To understand the capabilities of your environment, we really need to analyze each segment individually.

  1. Physical disk performance -- no, dd is not a valid tool for testing disks.

    • In this step, all disks are individually tested with fio to identify the physical disk's performance capabilities

    • These test should be performed on all disks associated with OSD operation including Filestore, Journal and Bluestore WAL/DB disks

    • For the disk IO tests, it's important to use block sizes similar to the workload you anticipate in the environment.

      • Spinning disks are especially sensitive to block size of the tests, with larger block sizes ( 4mb ) resulting in much higher throughput, and small block sizes ( 4k ) resulting in much higher IOPs rates.
      • This is completely expected and at a minimum, both extremes should be tested.
      • Tests at your expected op size should be added as well, in power of 2 increments ( 4k, 8k, 16k, 32k ... 128k... 512k, 1m, 2m, 4m )

    • Note that different operation types should be tested as well ( Sequential Read, Random Read, Write, Read/Write mix, etc )

    • Some recommended fio options: --ioengine=libaio --direct=1 --gtod_reduce=1 --max-jobs=16 --iodepth=32

      • --ioengine=libaio == Linux native asynchronous I/O
      • --gtod_reduce=1 == Reduces the Get Time of Day calls to about 0.4%, thus removing extraneous calls not associated with actual disk performance
      • --max-jobs=16 == Set the maximum allowed number of jobs (threads/processes) to support
      • --iodepth=32 == Number of I/O units to keep in flight against the file

  2. Aggregate physical disk performance.

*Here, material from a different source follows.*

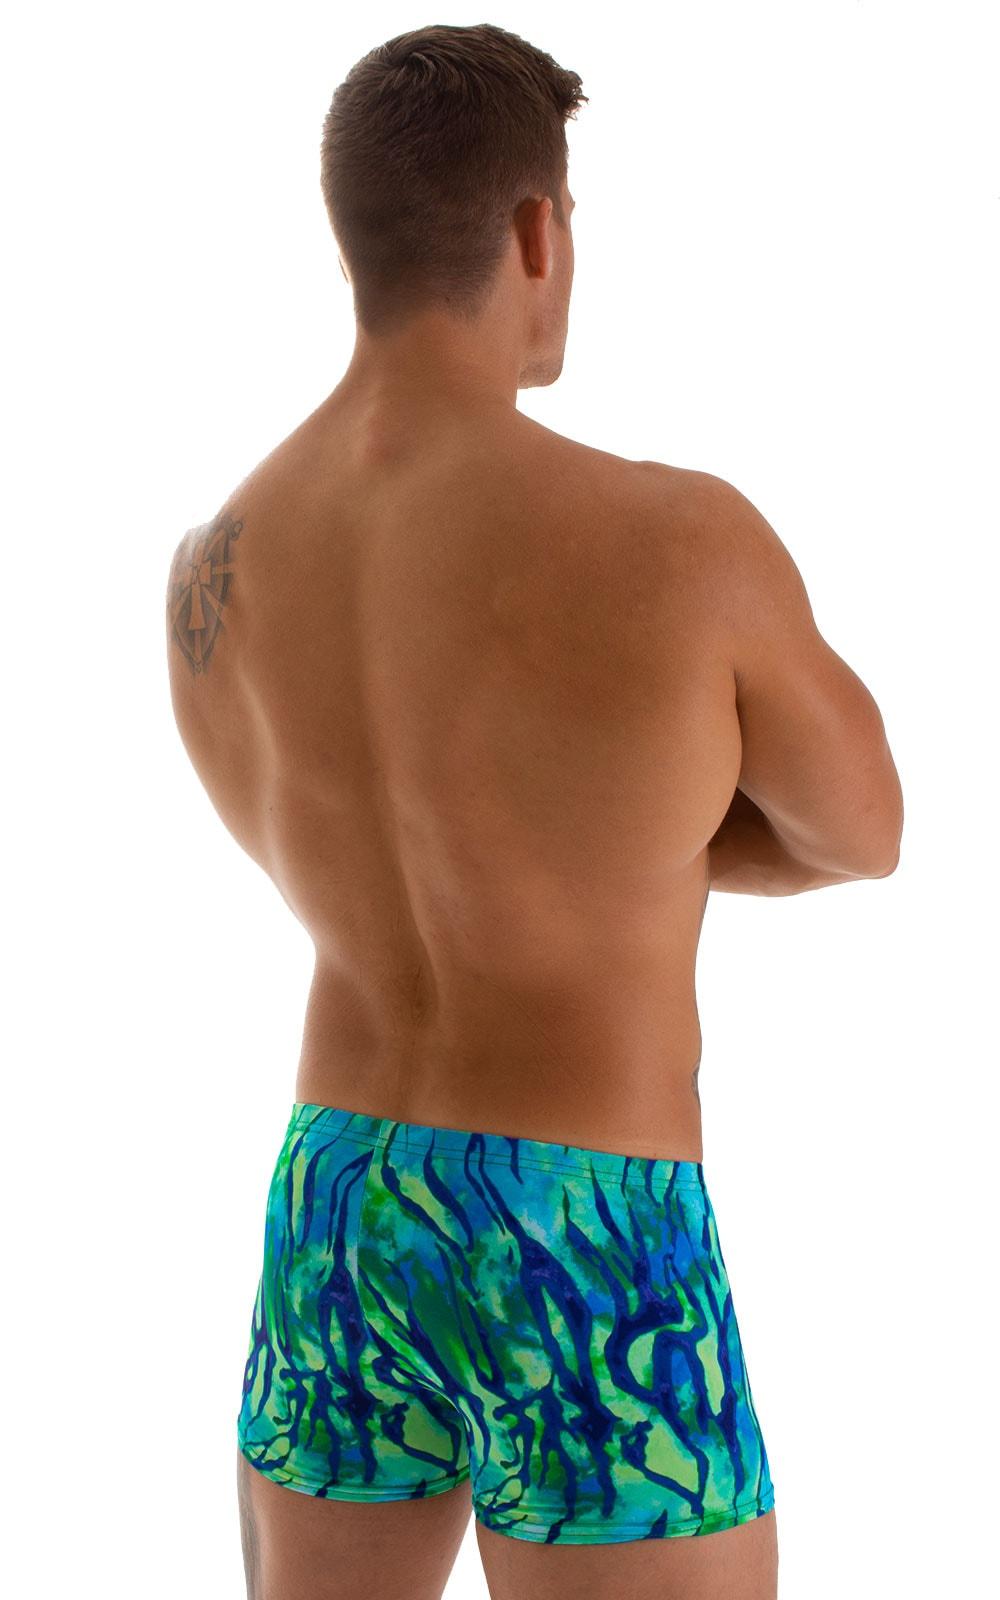 Square Cut Seamless Swim Trunks in Beach Tiger Blue-Green 2
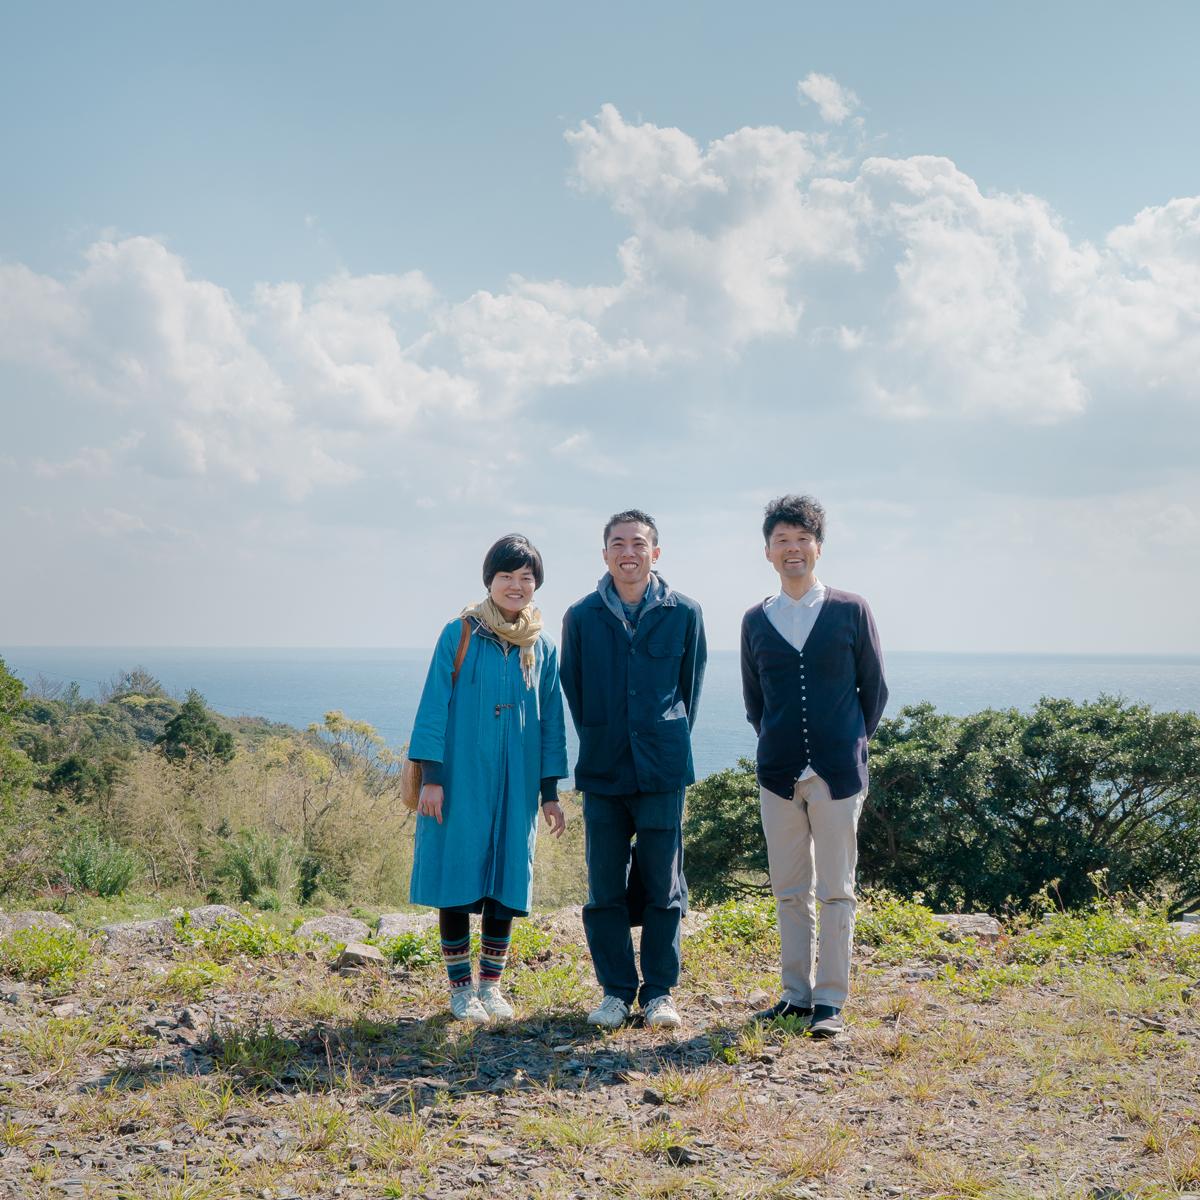 ついに屋久島へ。ホームタウン鹿児島で、自分たちだけの結婚指輪を作ること。

    • In this step, all disks on a given node are tested with 'fio' in parallel.
    • This parallel test will help identify performance bottlenecks of the RAID controller or PCIe bus
    • Like in step 1, various op sizes and op types should be tested.
    • Be sure to perform identical tests to those from step 1 to ensure you're able to make valid assessments of aggregate bottlenecks

  3. Client mode Network Performance -- ping is not a network performance testing tool

    • This step consists of setting up multiple remote iperf3 servers, then running a local iperf3 client ( per server ) in parallel
    • The purpose is to identify that the full aggregate throughput configured for the node is achievable for received traffic.
    • While link aggregation and MTU seem easy to configure, it's very common to miss one option on one port and cause a world of performance issue.

  4. Server mode Network Performance

    • This step requires running multiple local iperf3 servers (each on a different port), then running a remote iperf3 client (one per remote node) in parallel
    • The purpose is to identify that the full aggregate throughput configured for the node is achievable for transmitted traffic.

A few things to note

  • Each of the steps above must be completed for each disk and each node in the environment. Similar/"identical" hardware does not necessarily perform the same under the stress of heavy workloads.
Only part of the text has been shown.